Güncelleme Tarihi:
Bursa'da bir kişi, bankadan kredi aldı ve teminat için tapusu kendi üzerine olan evini ipotek ettirdi. Borcun ödenmemesi üzerine bankanın icra takibi başlatmasının ardından bu kişinin eşi, ipotek edilen evin aile konutu olduğunu belirterek, ipoteğin kaldırılması talebiyle dava açtı.
Gemlik 1. Asliye Hukuk Mahkemesi, davayı reddetti. Yerel mahkeme kararında, ev sahibinin birden fazla taşınmazının olduğu, davalı bankanın söz konusu evin aile konutu olduğunu bildiğinin kanıtlanamadığı belirtildi.
Yargıtay 2. Hukuk Dairesi ise yerel mahkemenin kararını bozdu. Bozma kararında, Yargıtay Hukuk Genel Kurulu'nun bu konuda yeni bir uygulamaya geçtiği belirtildi.
Bu kapsamda, Türk Medeni Kanunu'nun 194. maddesinde, "Eşlerden biri, diğer eşin açık rızası bulunmadıkça, aile konutu ile ilgili kira sözleşmesini feshedemez, aile konutunu devredemez veya aile konutu üzerindeki hakları sınırlayamaz" denildiğine işaret edilen kararda, bu hükümle aile konutu şerhi konulmuş olmasa da eşlerin birlikte yaşadıkları konut üzerindeki fiil ehliyetlerinin sınırlandırıldığı vurgulandı.
Sınırlandırmanın aile konutu şerhi konulduğu için değil, zaten var olduğu için getirildiği aktarılan kararda, "Bu sebeple tapuya aile konutu şerhi verilmese bile o konut aile konutu özelliği taşır. Zira dava konusu taşınmaz, şerh konulmasa dahi aile konutudur. Eş söyleyişle şerh konulduğu için aile konutu olmamakta, aksine aile konutu olduğu için şerh konulabilmektedir. Bu nedenle aile konutu şerhi konulduğunda, konulan şerh kurucu değil, açıklayıcı şerh özelliği taşımaktadır" tespitine yer verildi.
Söz konusu sınırlandırmanın emredici nitelik taşıdığı vurgulanan kararda, bu haktan önceden feragat edilemeyeceği, eşlerin anlaşmasıyla da ortadan kaldırılamayacağı ve açık rızanın ancak belirli işlem için verilebileceği ifade edildi.
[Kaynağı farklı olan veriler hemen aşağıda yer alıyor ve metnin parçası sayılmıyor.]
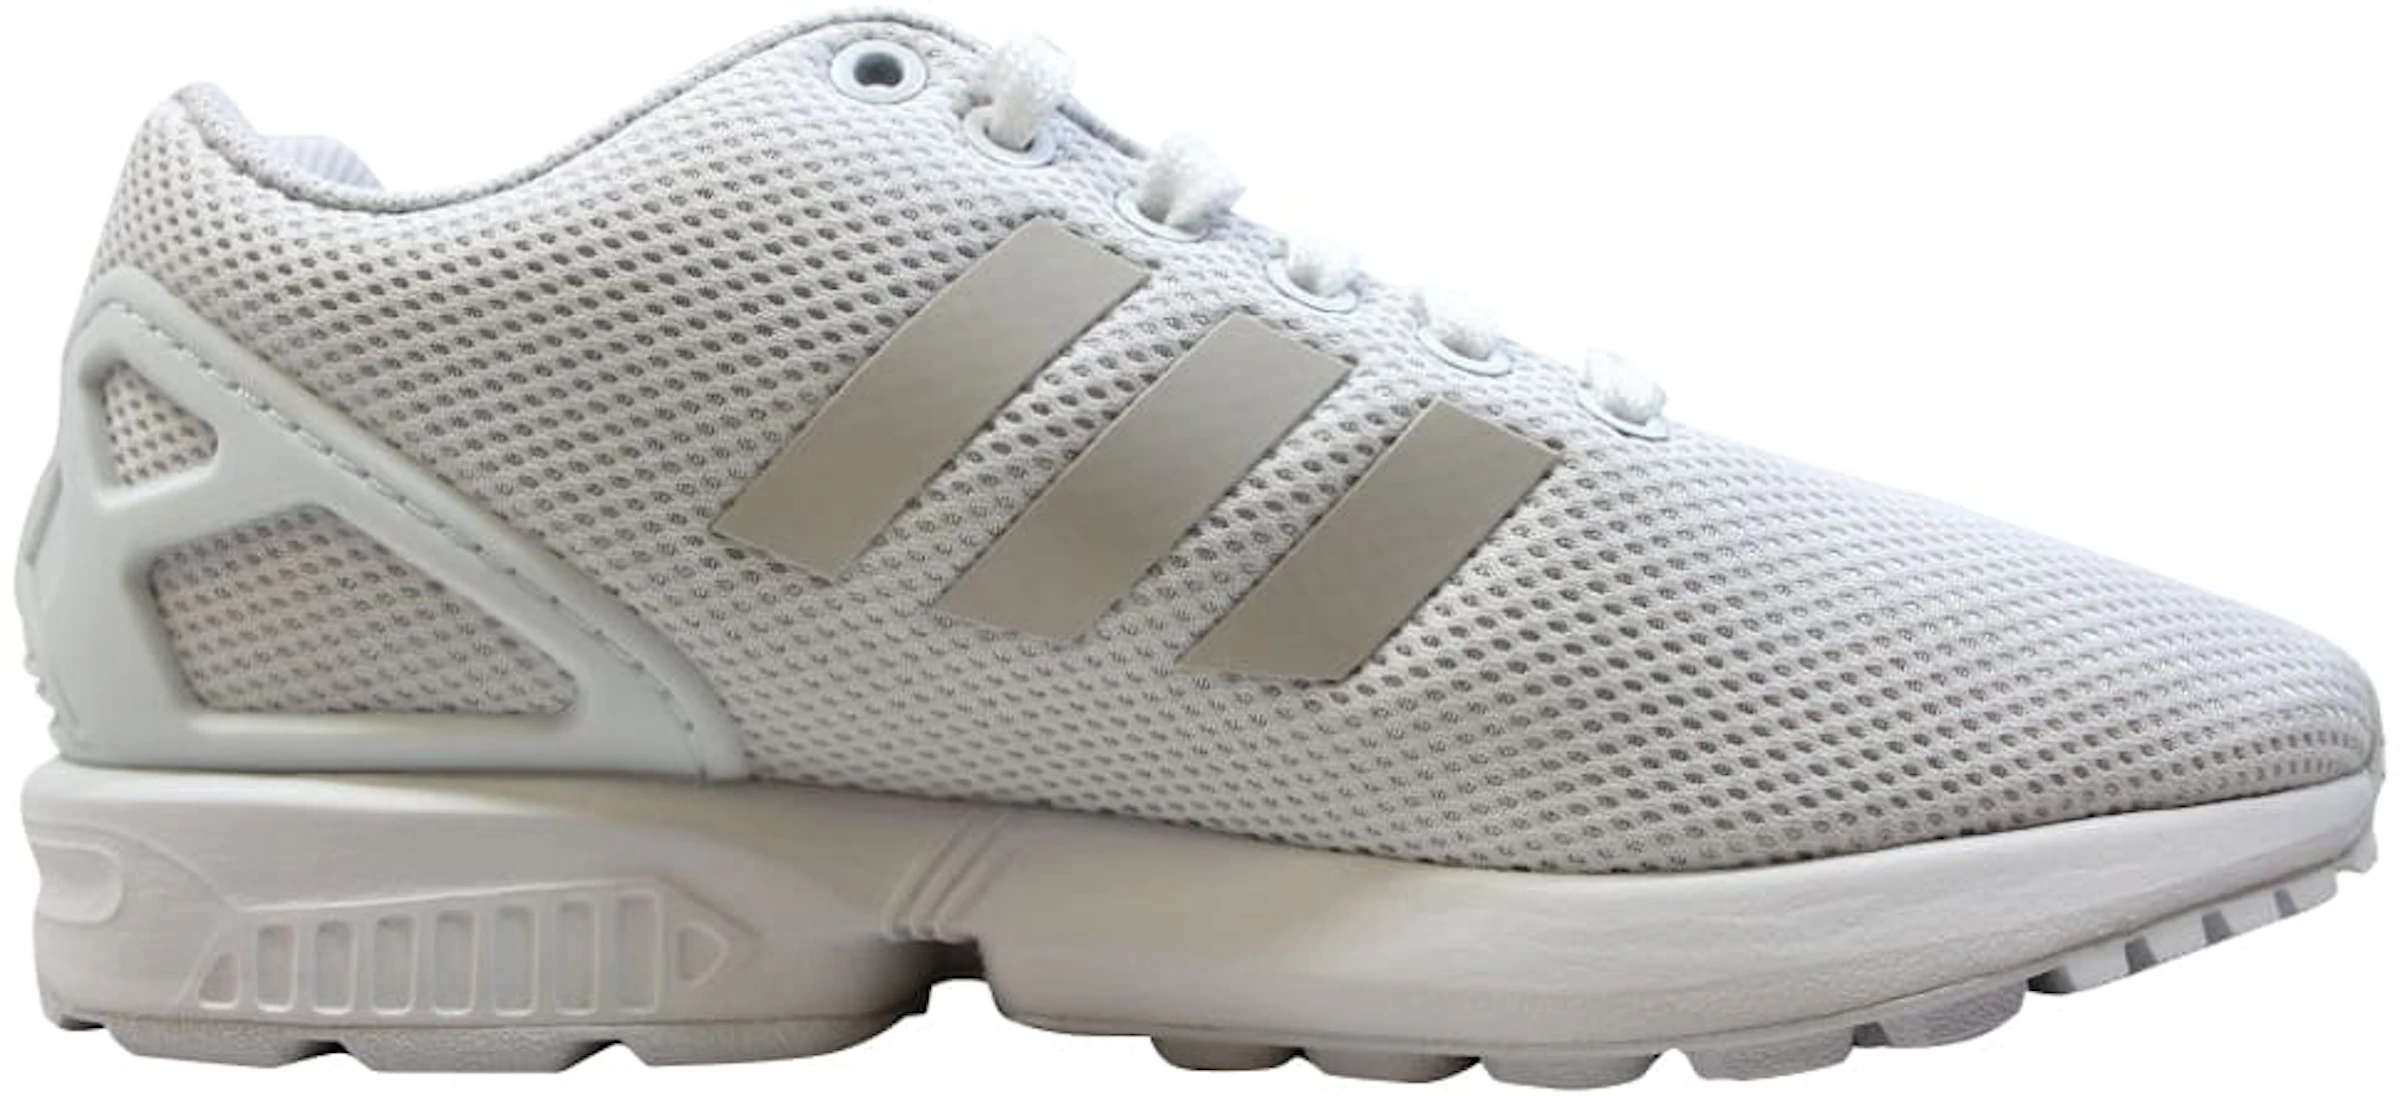 adidas ZX Flux - S79093 - US

"AİLE BİRLİĞİNİN KORUNMASI AMAÇLANIYOR"
Türk Medeni Kanunu'nda eşlerin birbirleri ve üçüncü kişilerle hukuki işlemlerinde özgürlük alanı tanındığı ancak bazı hukuksal işlemlerin diğer eşin rızasına bağlı olduğu kuralı getirilerek, aile birliğinin korunmasının amaçlandığı kaydedildi.
Kararda, şu değerlendirmelere yer verildi:
"Aile konutunun maliki olan eş, aile konutundaki yaşantıyı güçlüğe sokacak biçimde, aile konutunun ipotek edilmesi gibi 'tek başına' bir ayni hakla sınırlandıramaz. Bu sınırlandırma ancak diğer eşin açık rızası alınarak yapılabilir. Her ne kadar ipotek doğrudan doğruya aile konutundan faydalanma ve oturma hakkını engellemiyorsa da hak sahibi eşin kötü niyetli ve muvazaalı işlemleriyle aile konutunun elden çıkarılma tehlikesi nedeniyle ipotek işlemine diğer eşin açık rızası şarttır.
Yapılan soruşturma ve toplanan delillerden, dava konusu taşınmazın davacı ve eşinin aile konutu olduğu anlaşılmaktadır. Somut olayda, davalı eş dava konusu aile konutu üzerinde diğer davalı banka lehine ipotek tesis etmiş, davalı banka, bu işlem sırasında davacı kadının işleme açık izin verdiğini kesin olarak ispat edememiştir. Bu kurallar çerçevesinde eşin açık rızası alınmadan yapılan işlemin geçerli olduğunu kabul etmek imkansızdır."